→ TASK STATEMENT
All of the listing below must be repeated word for word. Pictures are the only thing to omit.

→ RECORDED DATA

((

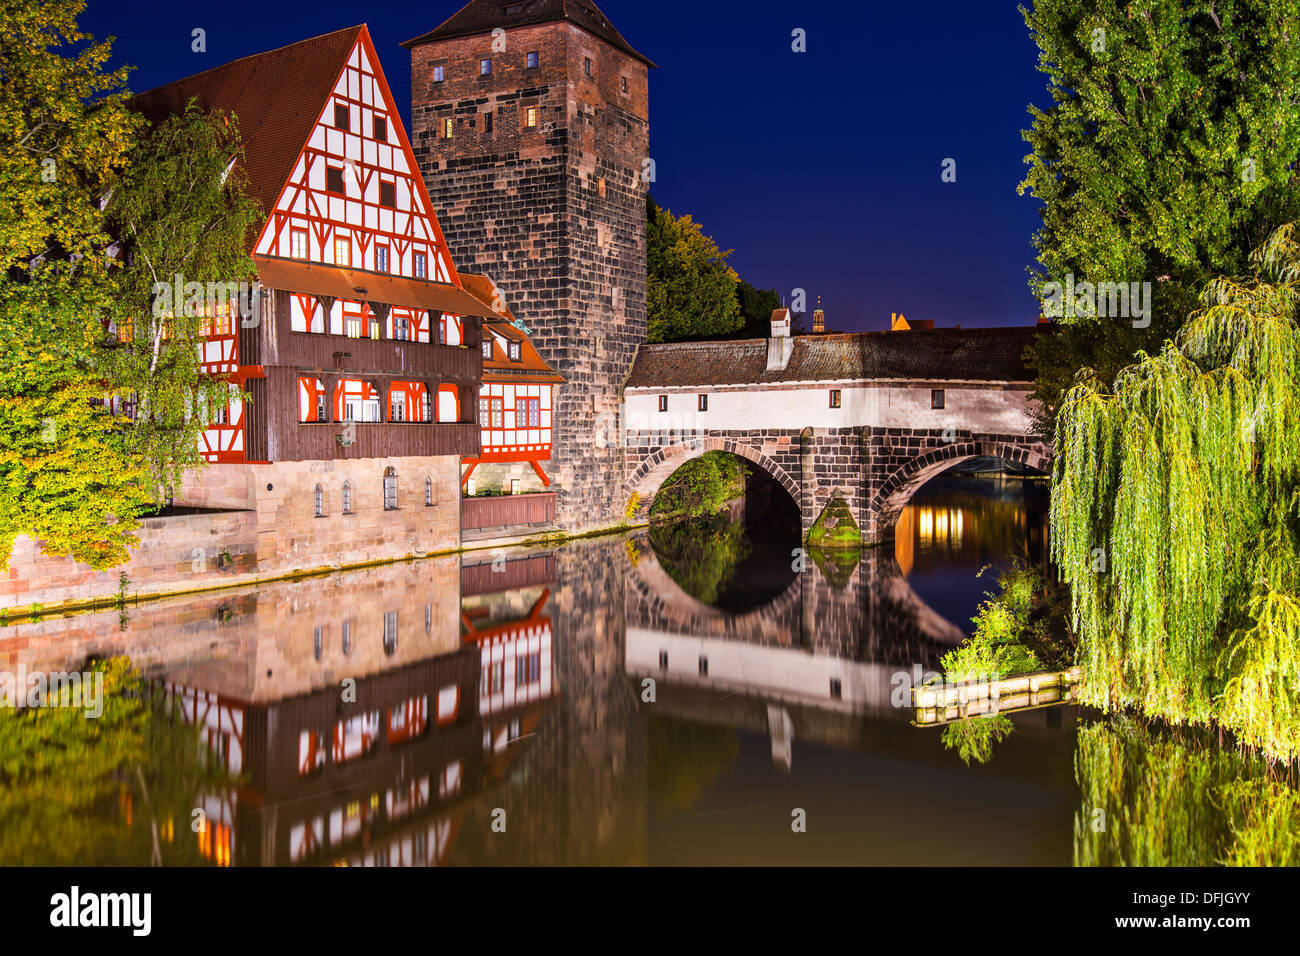 Des Henkers Bridge bei Nacht, Nürnberg, Deutschland Stockbild
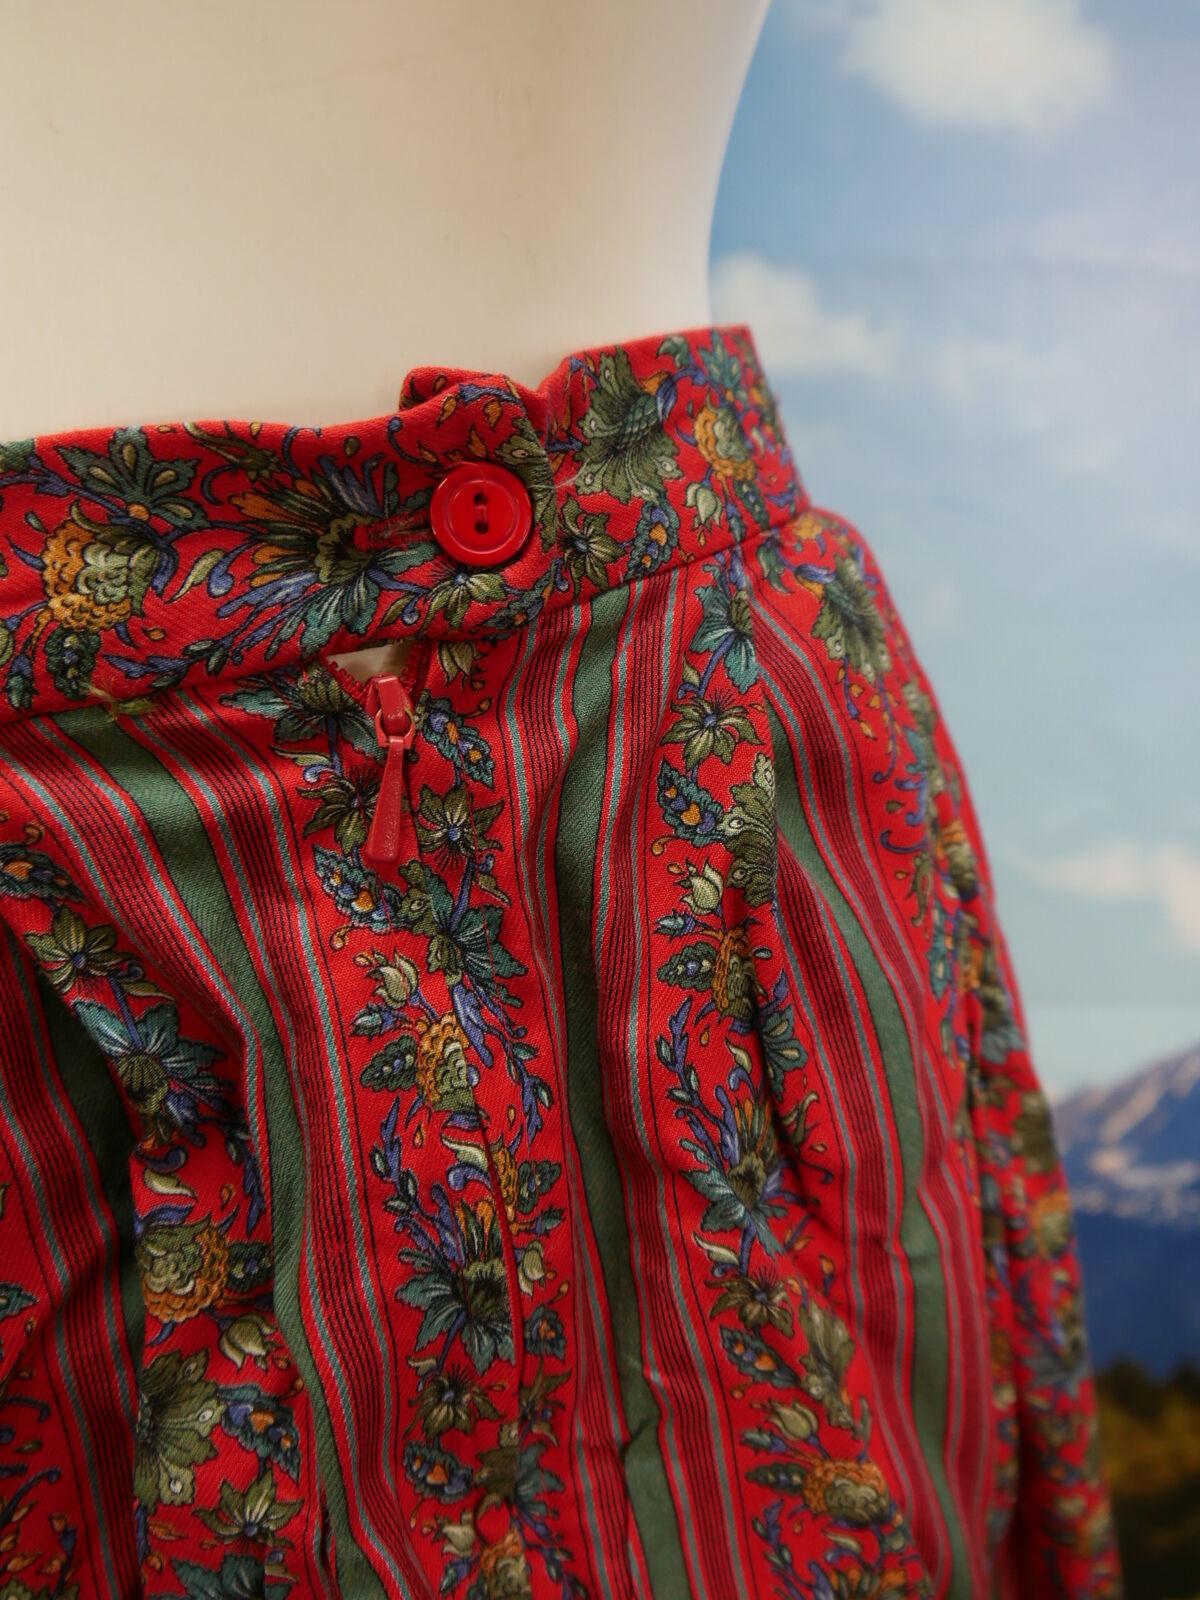 Trachten Rock Meico Rosso Cotone Motivo Floreale magnifico fantastiche Trachten Trachten Trachten ROCK TG. 38 e46176
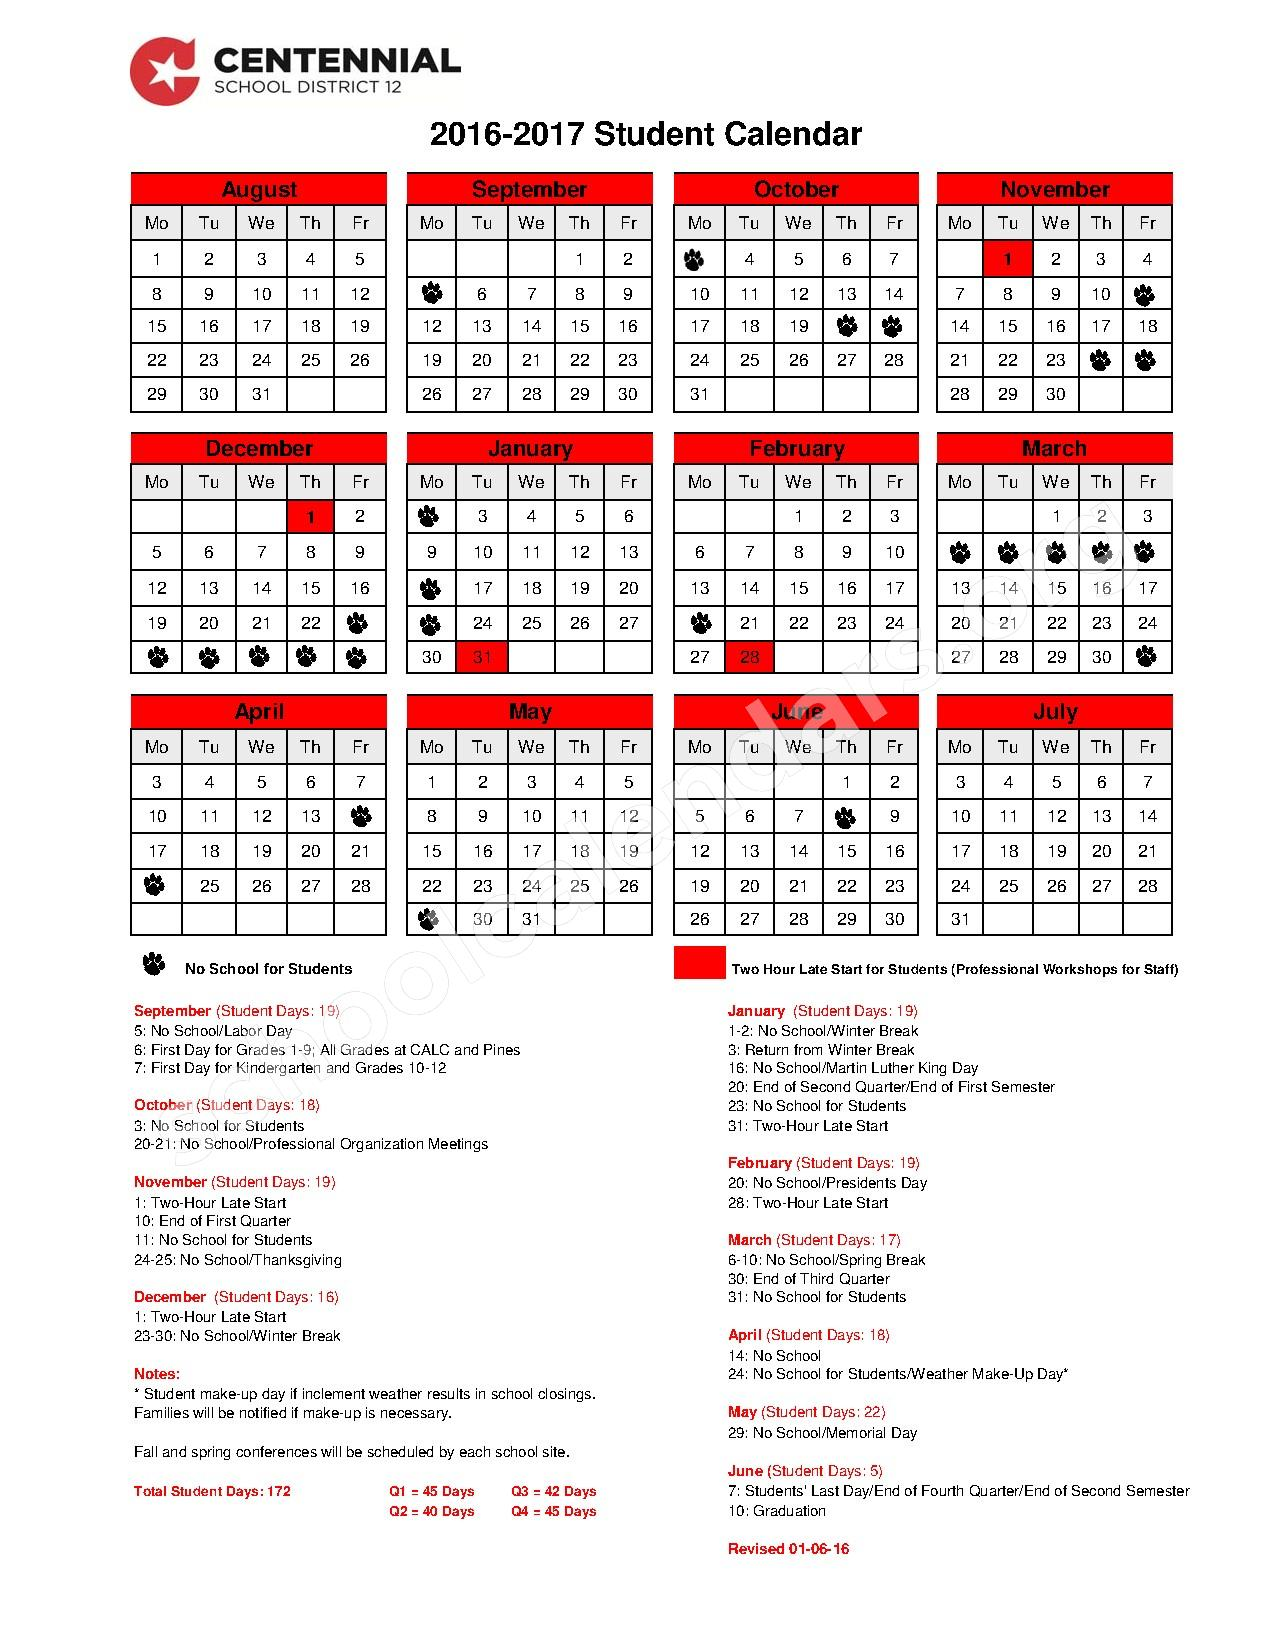 2016 - 2017 Student Calendar – Centennial Area Learning Center – page 1
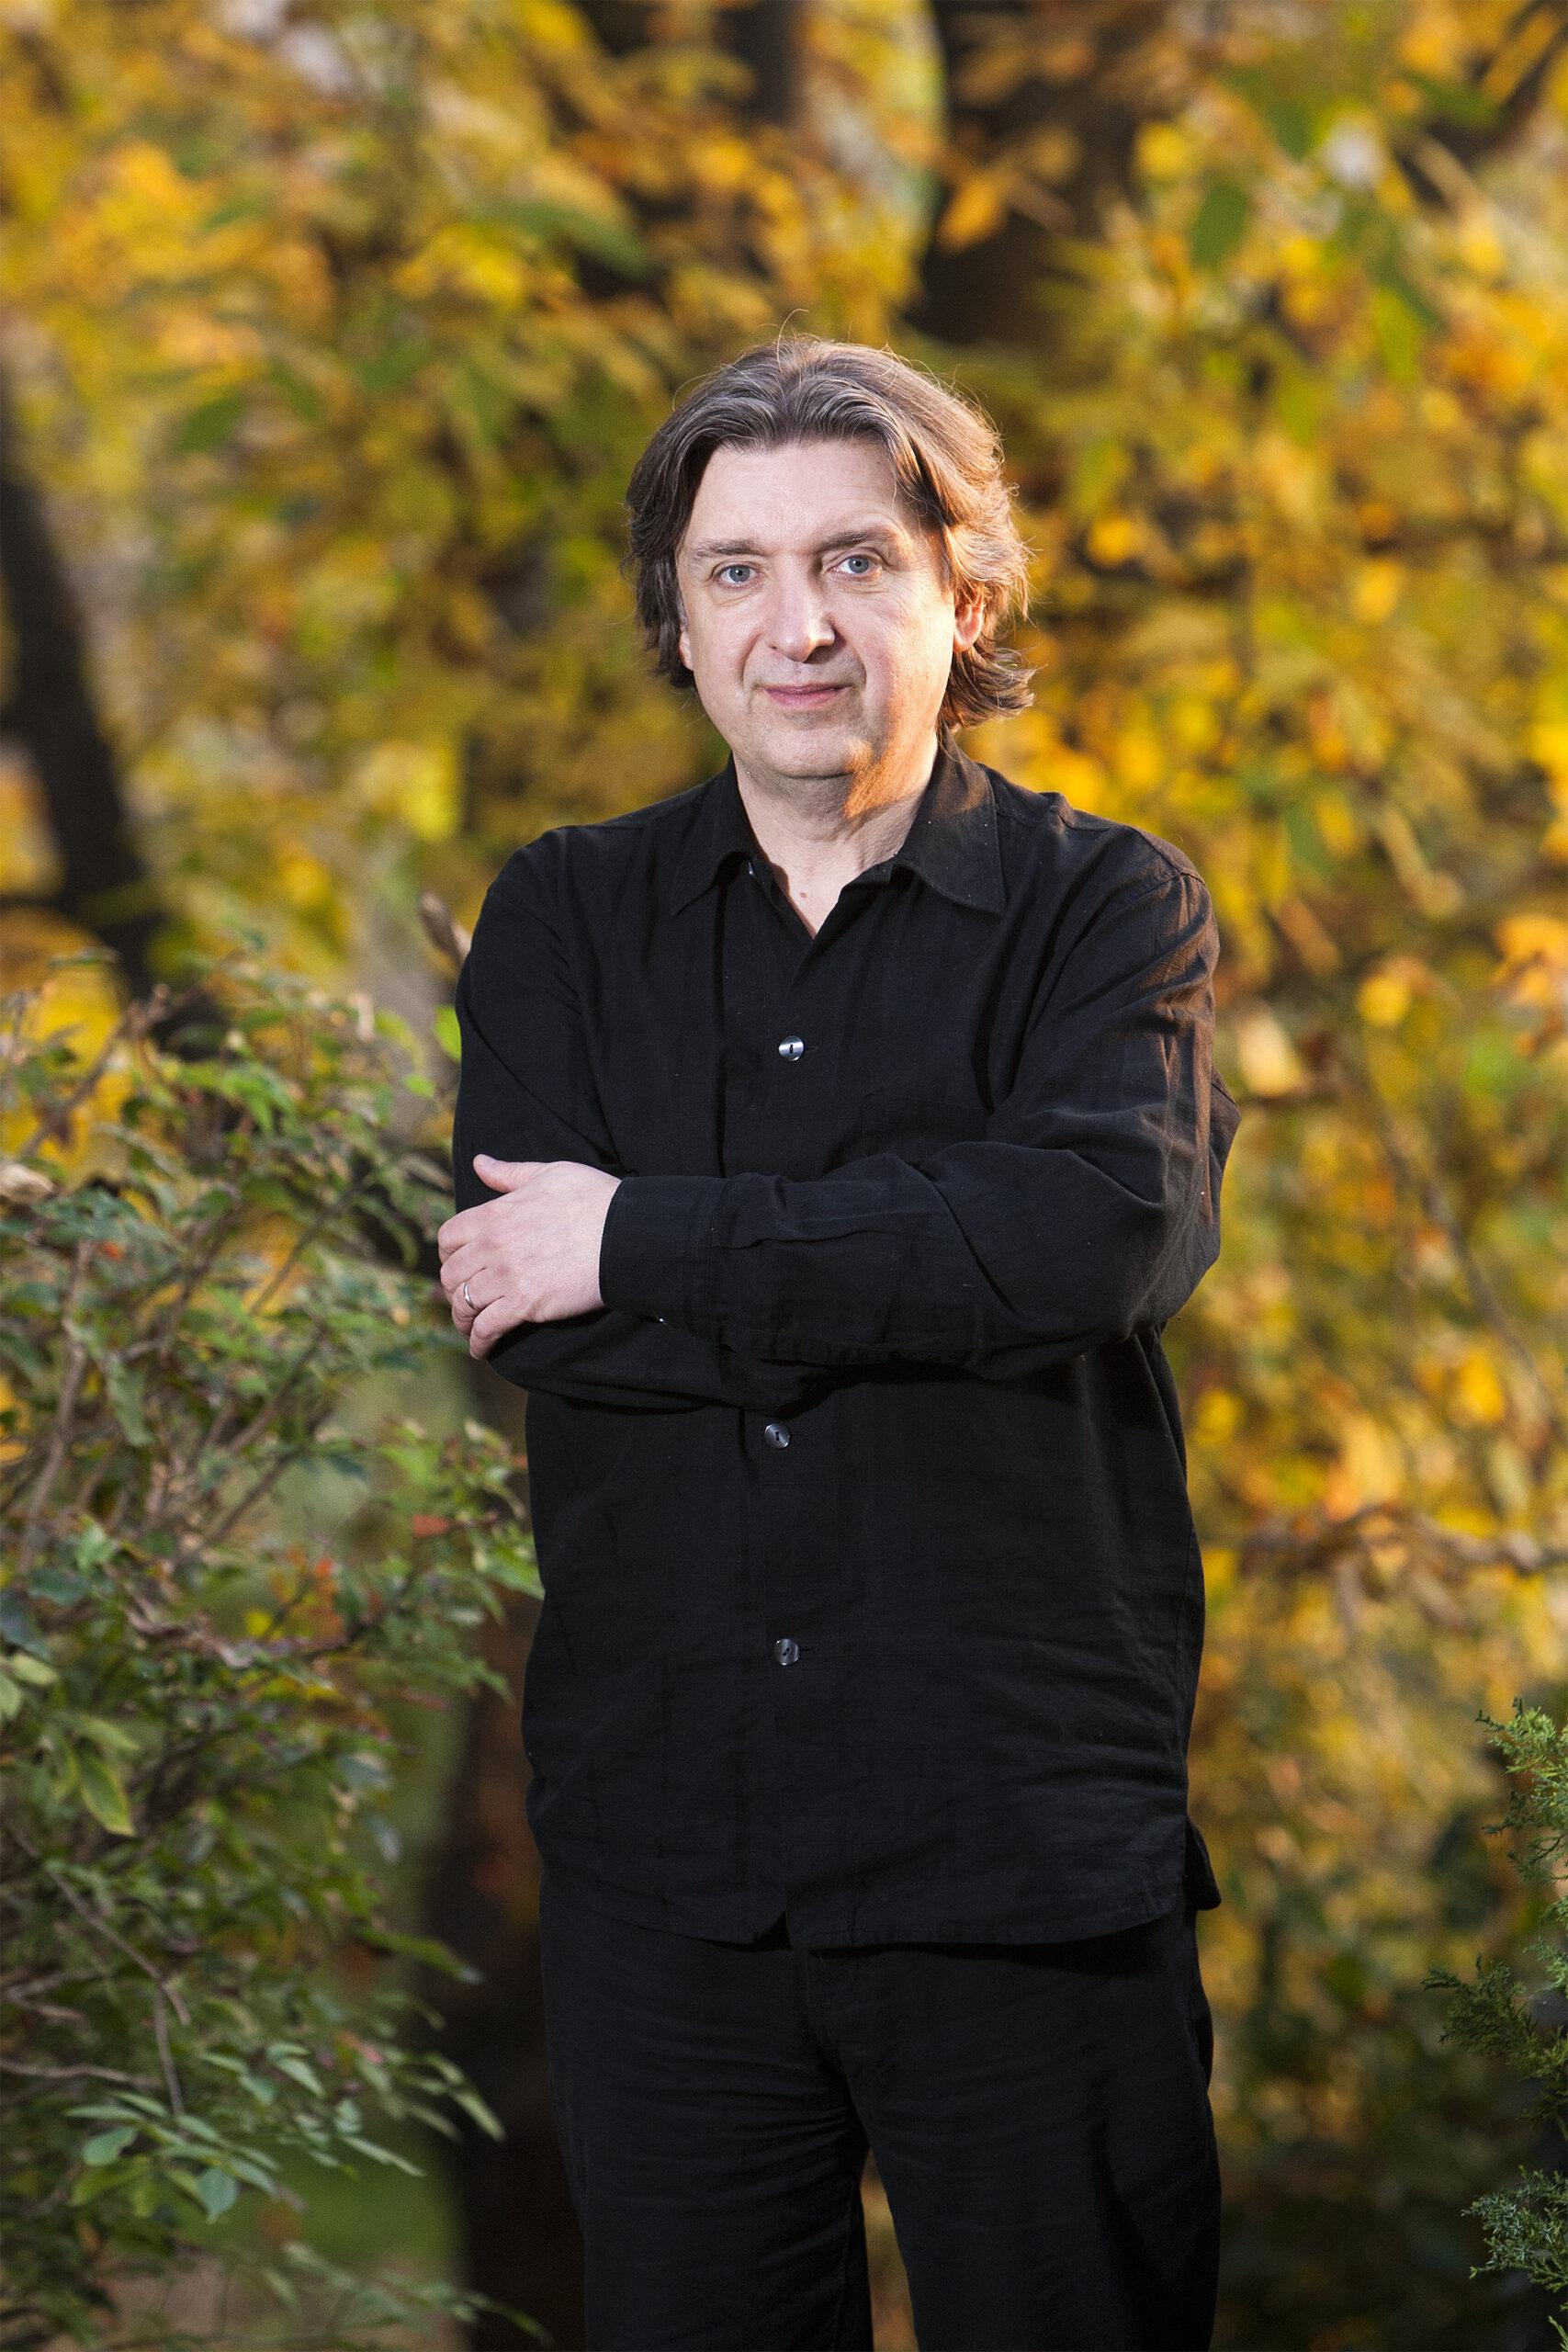 Zagreb, 06.11.2015 - Portret Srecka Bradica u njegovom domu

))

→ RESPONSE
 Des Henkers Bridge bei Nacht, Nürnberg, Deutschland Stockbild
 Trachten Rock Meico Rosso Cotone Motivo Floreale magnifico fantastiche Trachten Trachten Trachten ROCK TG. 38 e46176
 2016 - 2017 Student Calendar – Centennial Area Learning Center – page 1
 Zagreb, 06.11.2015 - Portret Srecka Bradica u njegovom domu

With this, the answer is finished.